Watson gave off enough of a thrilled-to-be-here vibe to make me think he’ll soon try to lead Texas in a more consequential role than convention chairman.
He guided thousands of delegates through two potentially nasty blowups while also lofting some one-liners.
Scott Cobb of Austin was among delegates seeking a floor debate and a vote on ending the selection of delegates for presidential candidates at primary-night caucuses. In March, many of the caucuses were disorganized, disorderly and hard for voters to attend. Cobb’s proposal to base delegates only on voting at the polls was tabled by the convention; Cobb said Watson could have allowed discussion before that happened.
“Overall, he did a great job,” Cobb said, crediting Watson with bringing a relatively youthful blast of energy and humor to the gavel-wielding role.
In another tense moment, state Rep. Terri Hodge of Dallas charged advocates for Sen. Barack Obama, the presumptive presidential nominee, with inappropriately huddling privately to finalize his Texas delegates to the party’s August national convention in Denver. Watson said her concern would be investigated; the party took no action, finding nothing untoward afoot.

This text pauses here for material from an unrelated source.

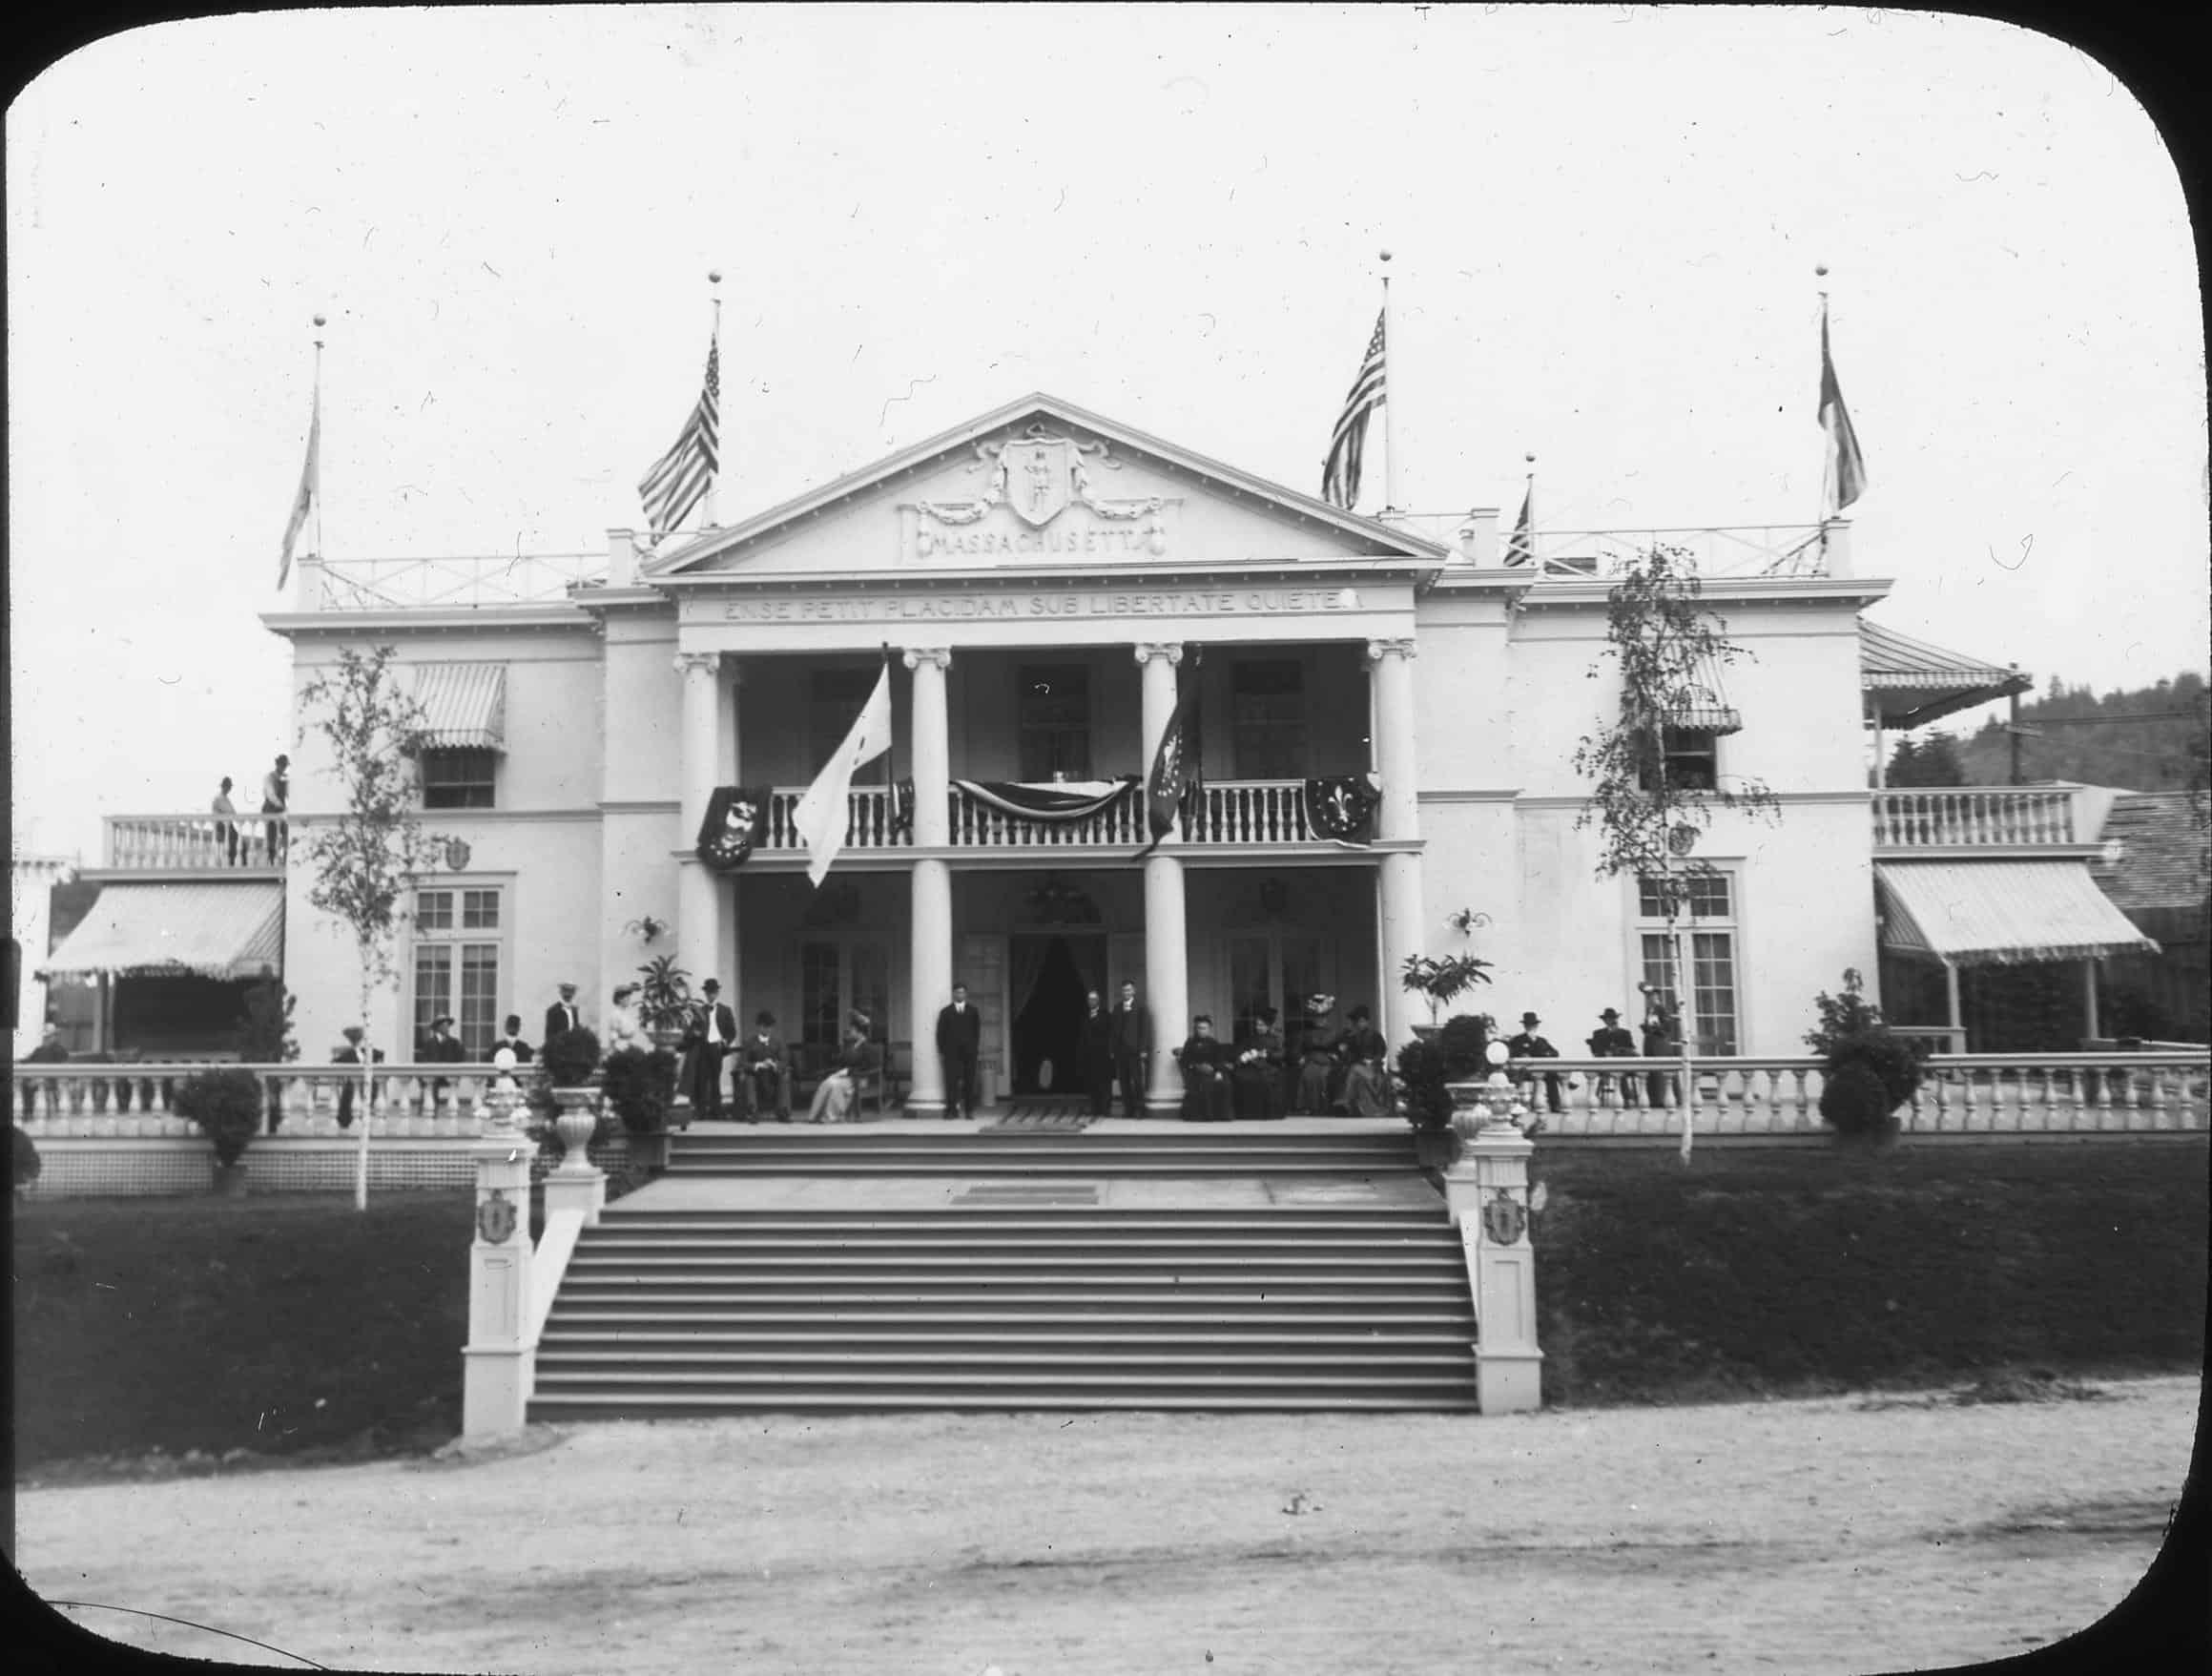 13-Massachusetts state exhibit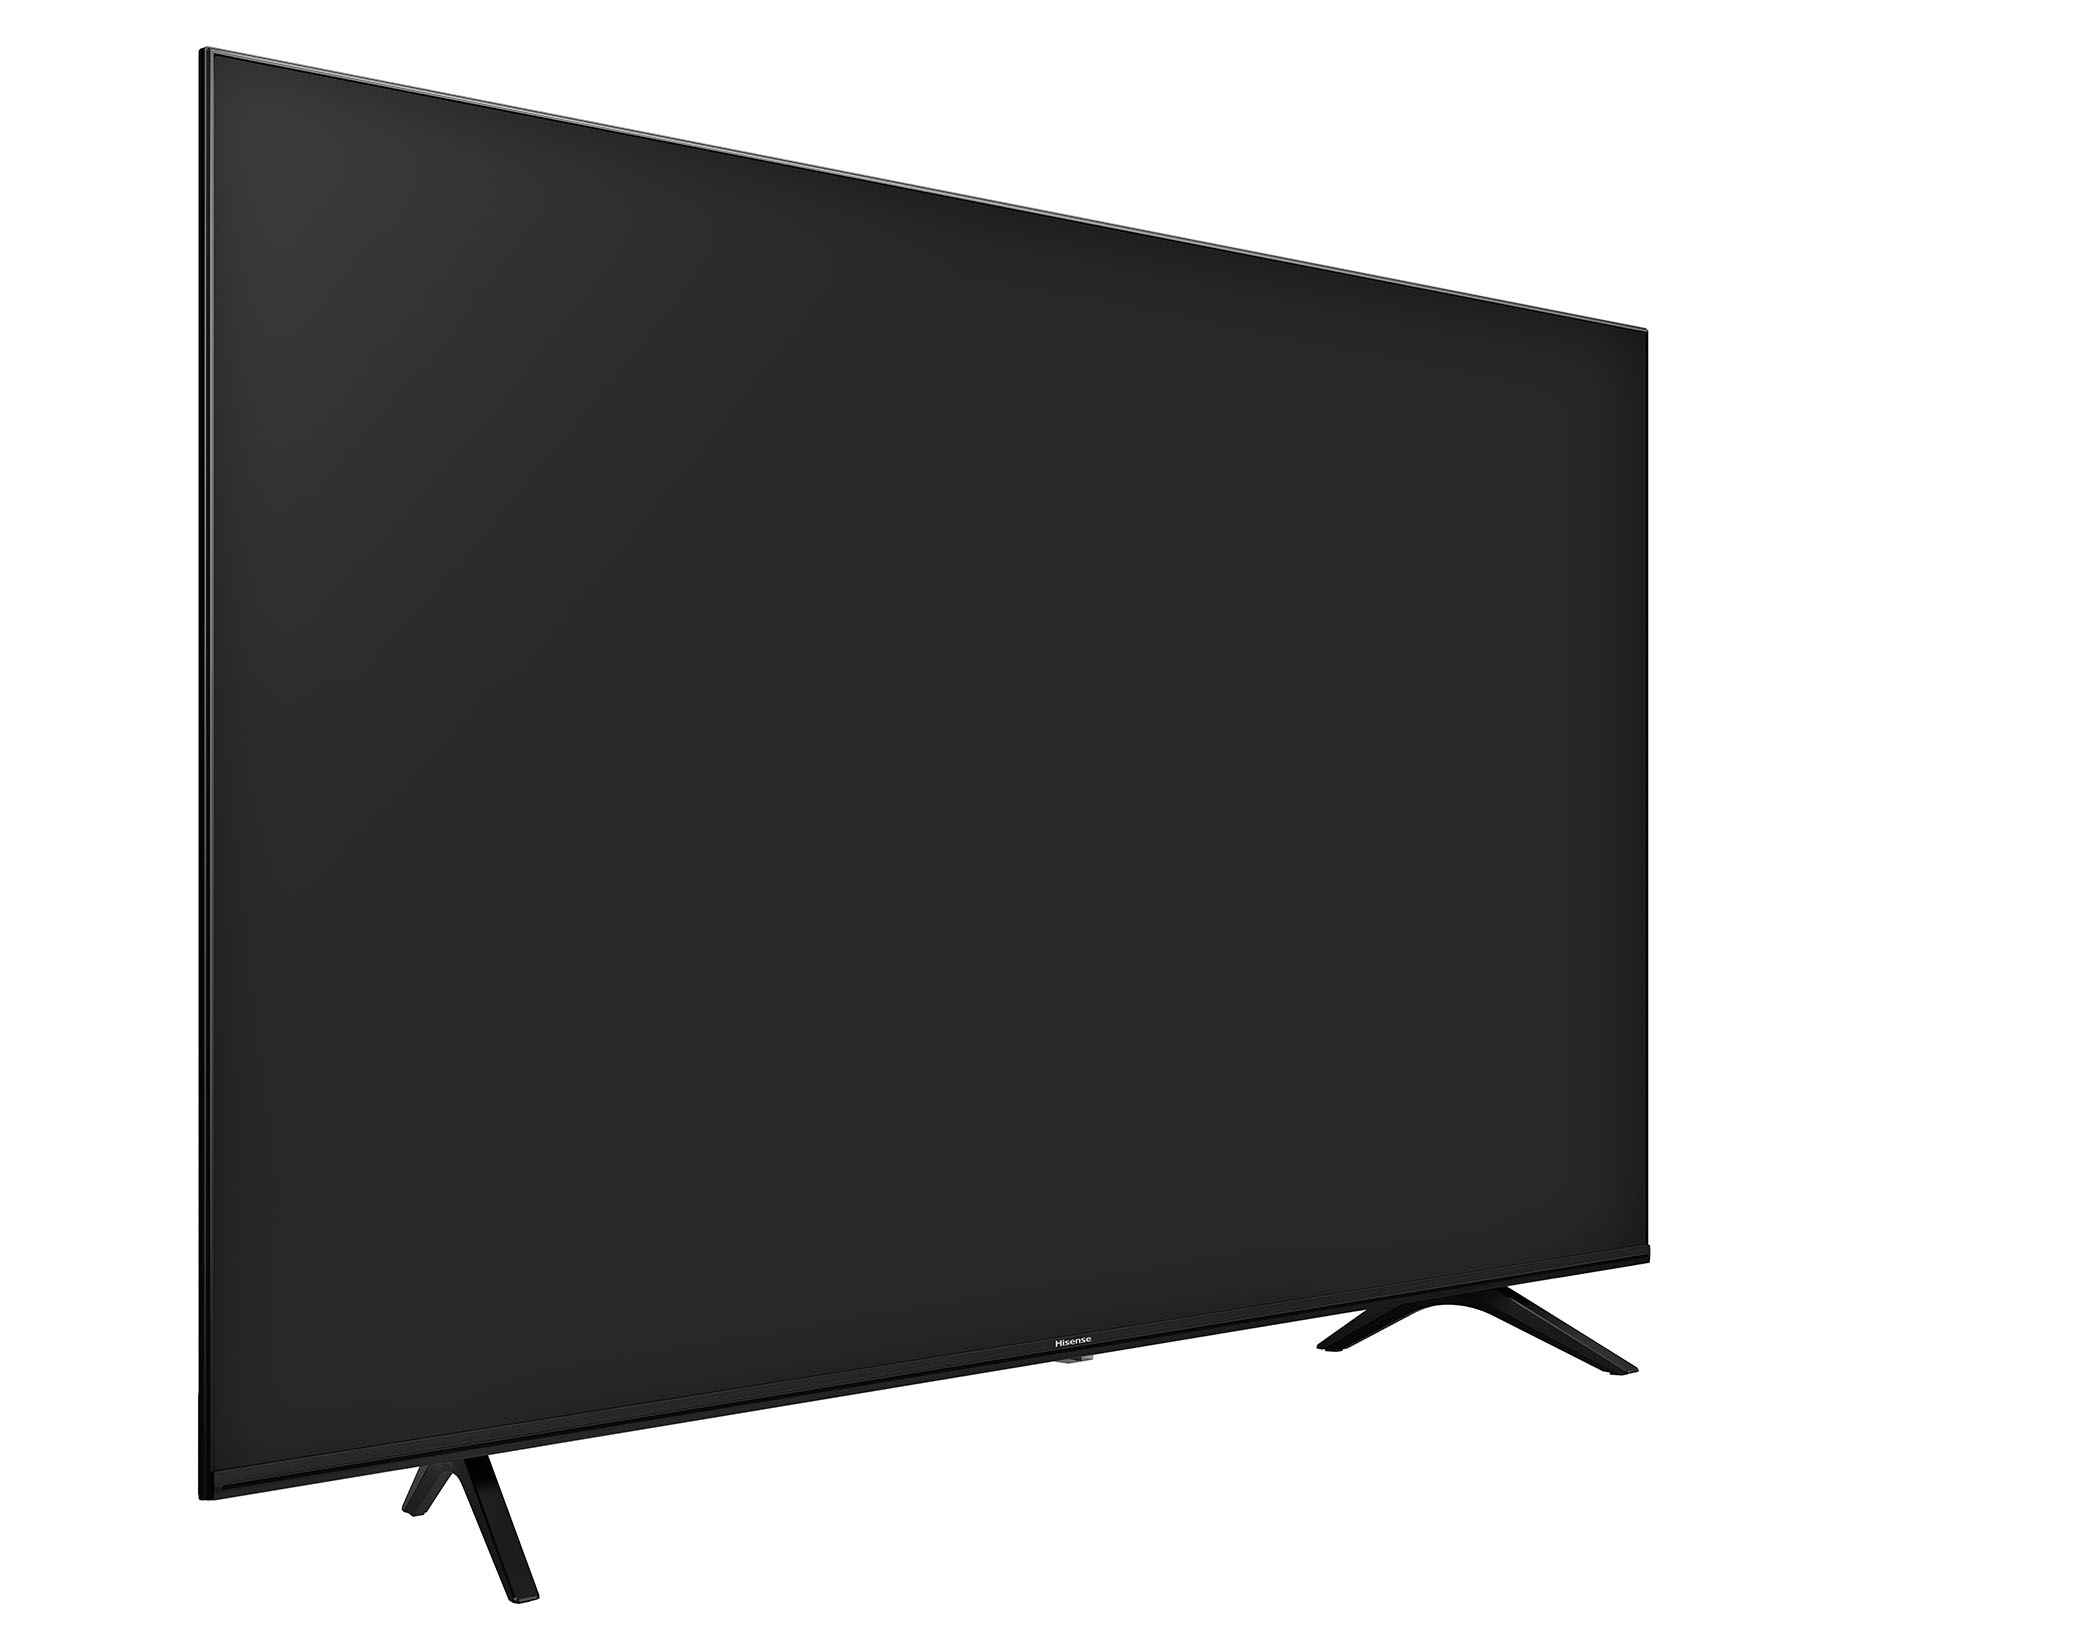 Hisense 58S5 58inch UHD 4K TV SERIES S5 main

Austin delegate Christine Berkland didn’t like what she saw, writing later: “Something just kind of smelled bad. Perhaps it was my first close-up and personal brush with politics as usual.”
Watson stressed to me later that he let people objecting to the recommended delegates have time to air gripes before the choices were ratified.
Rough spots aside — every convention chief has them — my hunch is that Watson will run for governor or lieutenant governor as soon as 2010.
Not that he’ll have an easy time of it.
In 2002, Watson got clocked by Republican Greg Abbott for attorney general, a result driven, in part, by the high-dollar air war between GOP Gov. Rick Perry and challenger Tony Sanchez of Laredo. Perry beat Sanchez, who outspent him, by 800,000 votes. Abbott bested Watson by 700,000 votes.
Watson knows that no Democrat has won statewide since 1994 — and that ruling Republicans are intent on keeping Democrats down.
Yet he’s financially positioned for liftoff. Through December, he had nearly $1.2 million in his political kitty, placing him eighth among state officeholders in cash on hand (third among Democrats, behind longtime Sens. John Whitmire and Rodney Ellis, both of Houston).
Post-convention, Watson told me only that he’s not sure he’ll seek re-election in 2010, saying: “It’s fun to have the (statewide) speculation out there, but I consider it far too early.”
If Watson leaps, he could land on a Democratic ticket with Houston Mayor Bill White, the former state party chairman expected to run for governor, though some see him as more inclined to go for the U.S. Senate if, say, Kay Bailey Hutchison runs for governor.
Maybe Watson and White will visit one another to brainstorm. It would be a spectacle if both lawyers set sights on the state’s top job.